While you may not recognize the first grader’s name now, chances are
you will be hearing it again, as she is currently the youngest person to
have created a mobile game app. While computer programming is perhaps
not a typical school activity for an average 7 year old, it is for
students at Zora’s charter school. Zora created the mobile app while
taking part in an initiative by the Foundation for the Advancement of
Technology and Education (FATE).
According to their website FATE
is a “non-profit corporation whose mission is to promote the skilled
and intelligent use of education technology by educators and learners
through targeted demonstration, funding and community networking in the
Greater Philadelphia area.”
Through a program called Bootstrap,
Zora was able to design her video game. Bootstrap teaches students how
to program their own videogames using algebraic and geometric concepts.
While they don’t use actual computer programming language, they
instead use actual math to design simple games.

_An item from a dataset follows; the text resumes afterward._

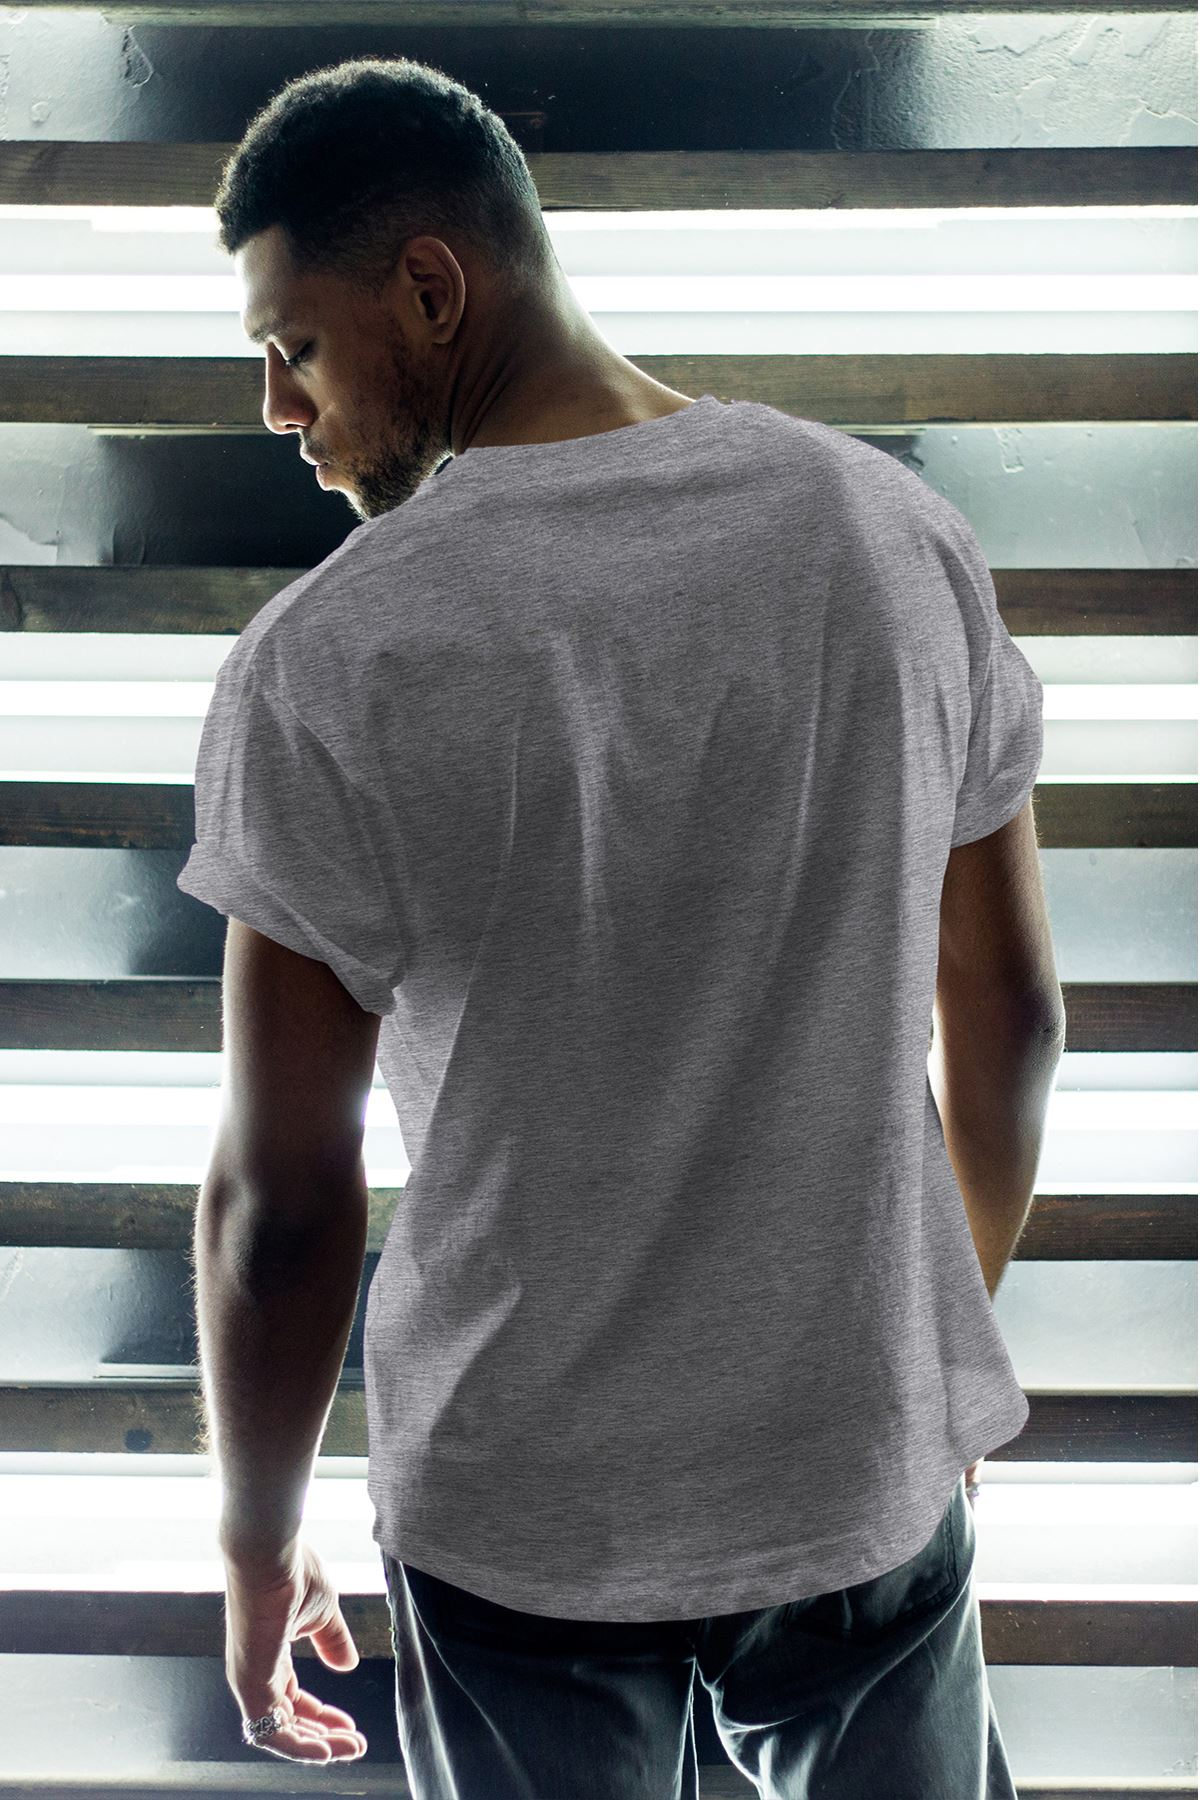 Boston Celtics 26 Gri Erkek Oversize Tshirt - Tişört

Perhaps not surprisingly, mobile video game app creation is not all
just fun and games. Students build the games using algebra and geometry,
thereby making it easier to apply those concepts learned building the
games, to broader mathematical problems. Many computer programming
languages use concept that are actually incompatible with algebra, which
could make it difficult for students to use what they learn in
programming in math class. Bootstrap is engineered so that functions
and variables behave as they do in mathematics, rather than as they do
in classical computer programming, so that mathematical reasoning is
reinforced.
Over time, FATE plans to continue to work with Bootstrap in order to
train more teachers and collect more research. It looks as though we
can look forward to more apps created by kids, as this is just the
beginning of integrating technology and education.